● Task
Only the lines from the one with "HP 250G7,i5, 8GB,500GB HDD+128GB SSD" to the end of the data, both ends included, should be output, exactly as they stand and without pictures.

● Data block
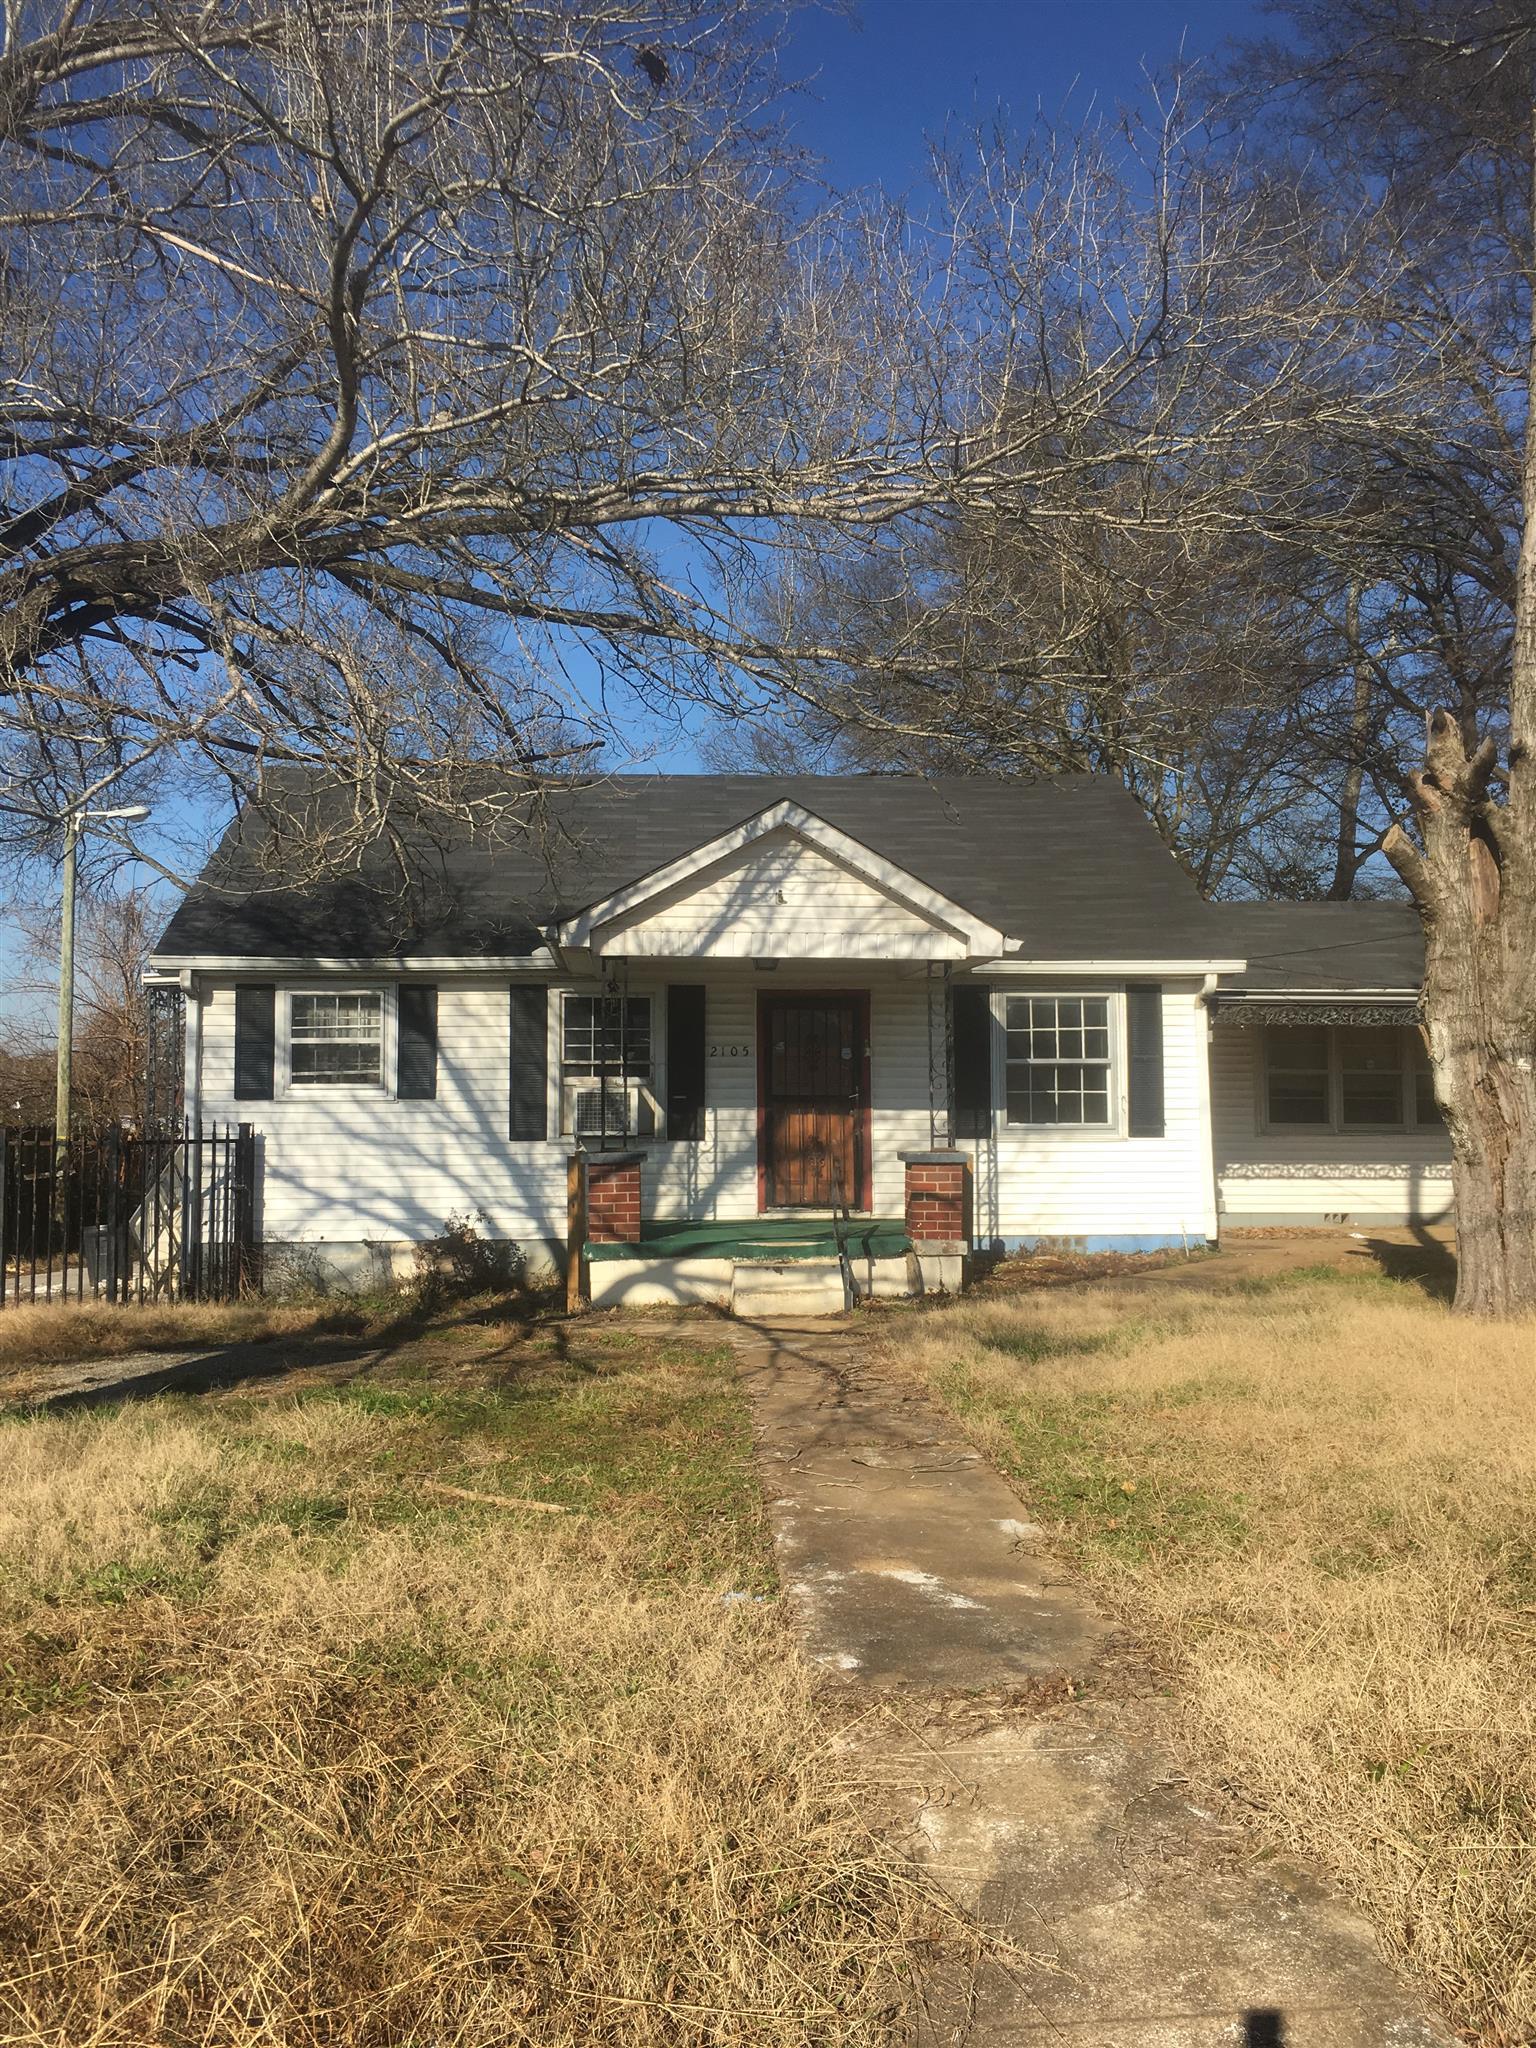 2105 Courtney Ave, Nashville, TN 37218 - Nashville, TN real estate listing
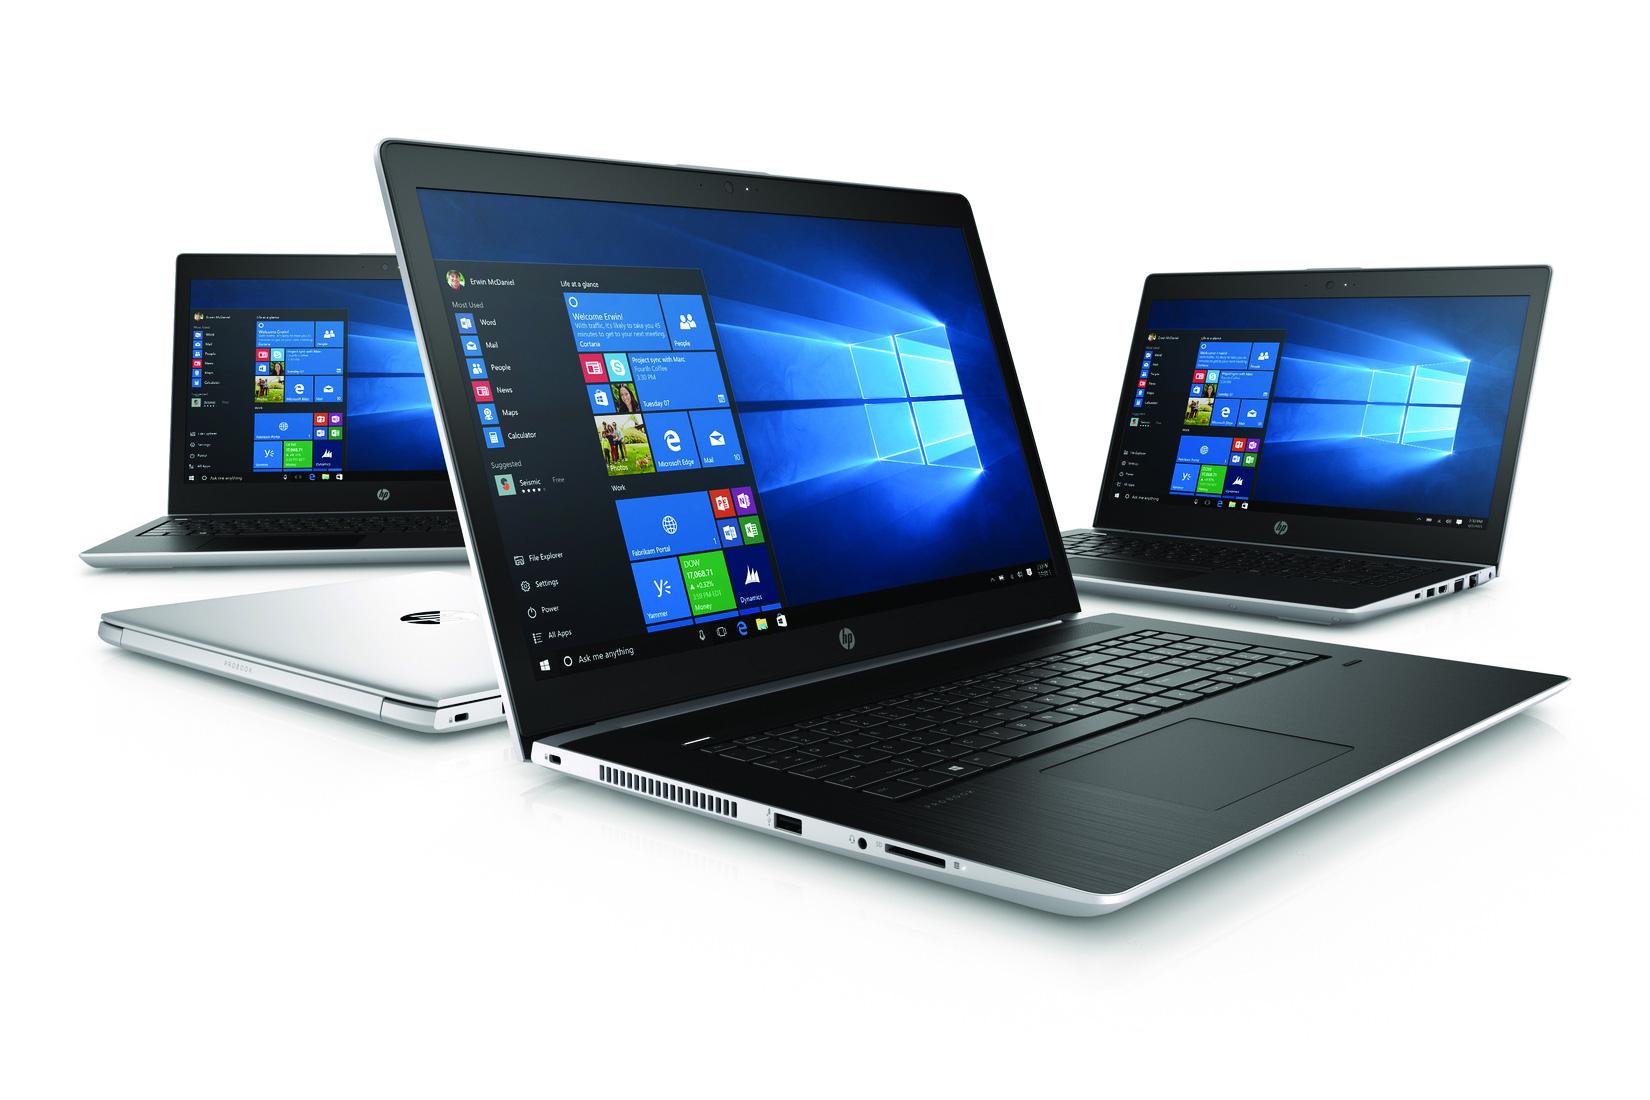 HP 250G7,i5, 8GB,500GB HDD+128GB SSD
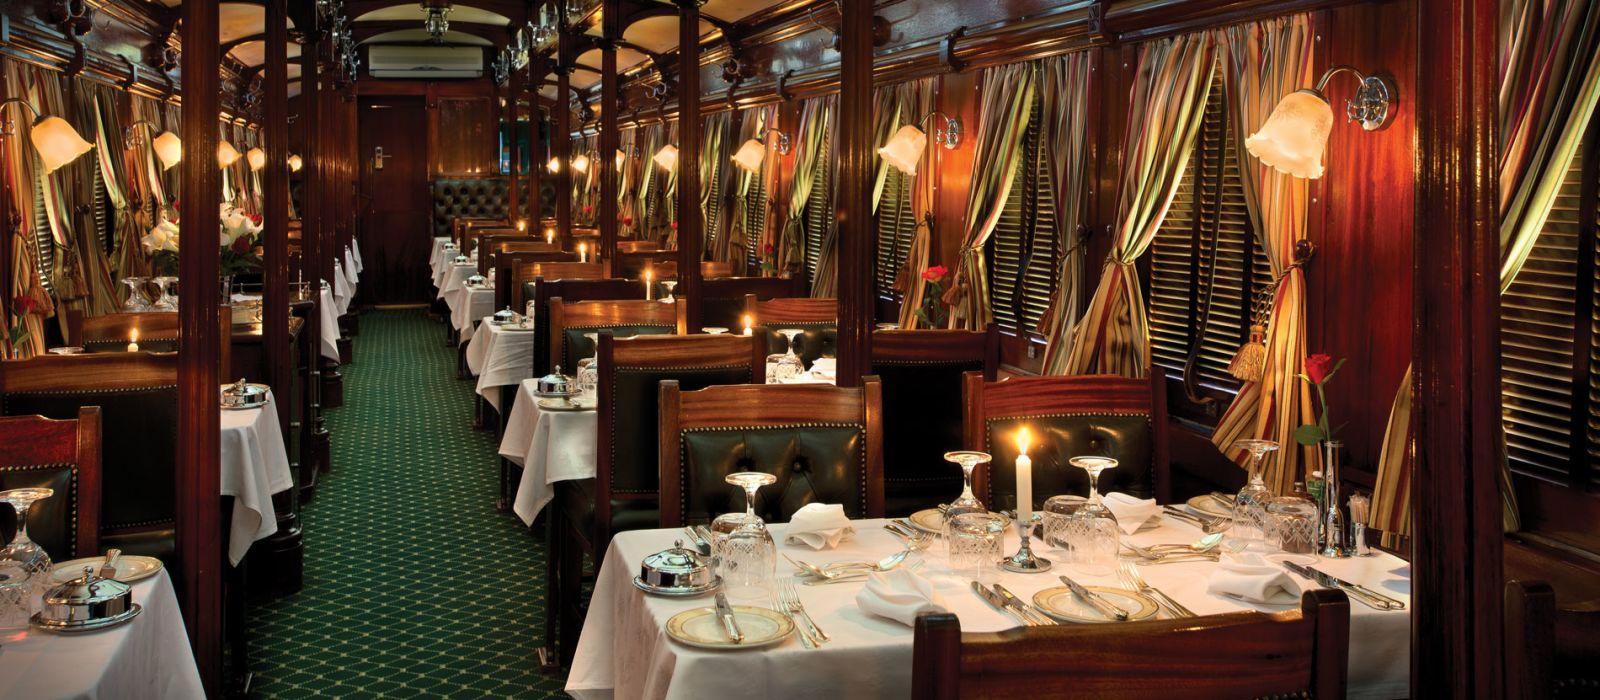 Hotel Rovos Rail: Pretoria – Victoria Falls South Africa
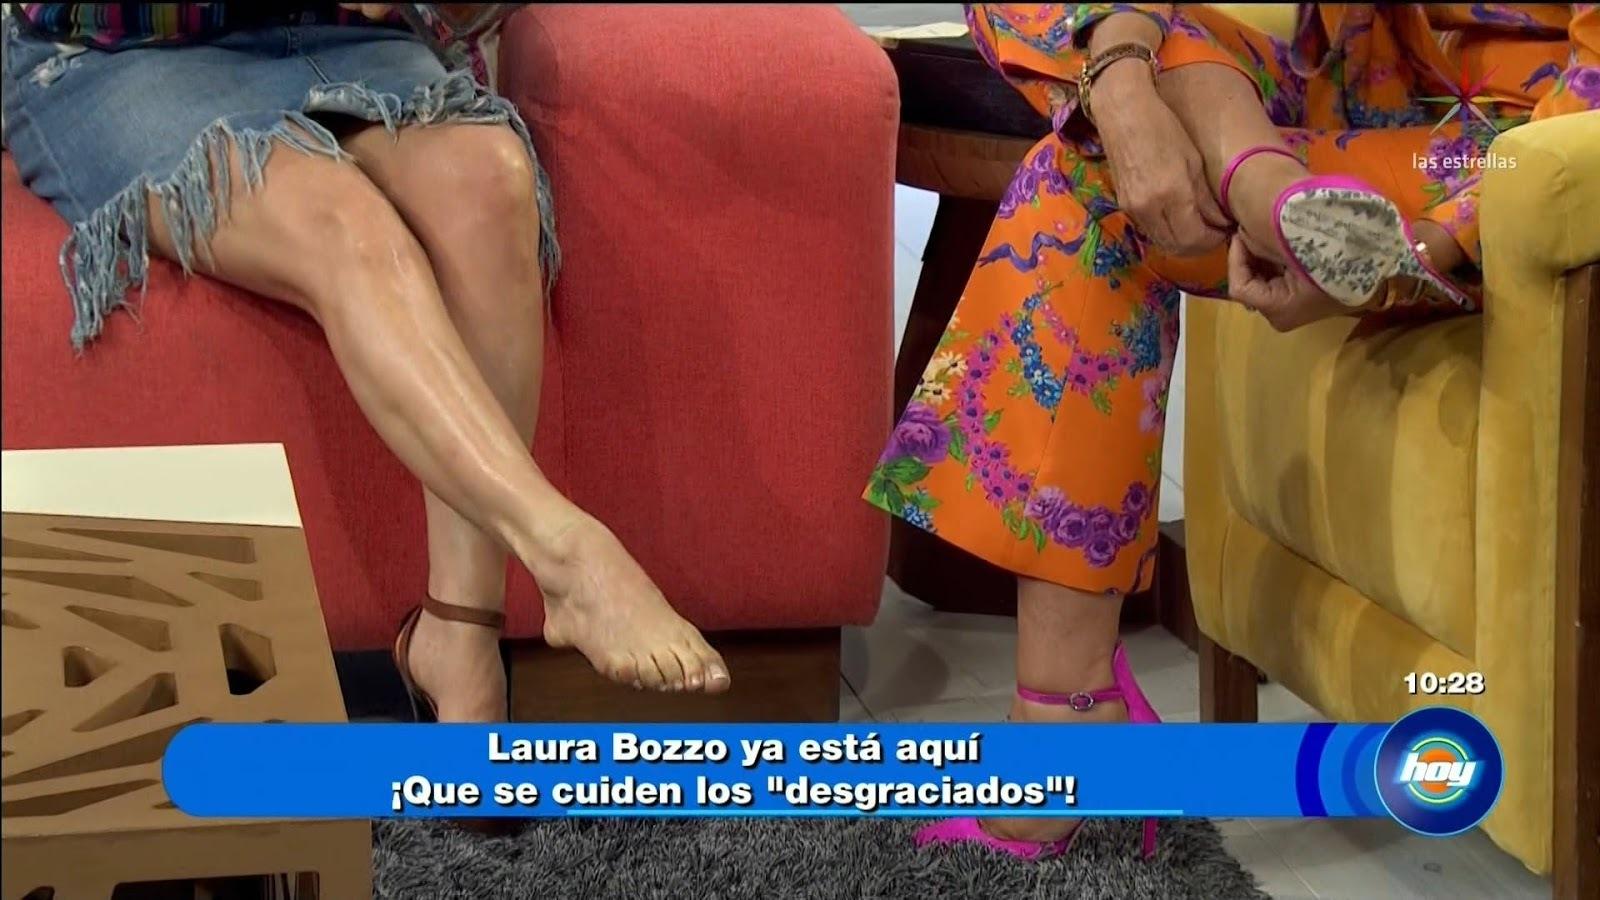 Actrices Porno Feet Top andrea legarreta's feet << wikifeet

● Written response
 HP 250G7,i5, 8GB,500GB HDD+128GB SSD
 Hotel Rovos Rail: Pretoria – Victoria Falls South Africa
 Actrices Porno Feet Top andrea legarreta's feet << wikifeet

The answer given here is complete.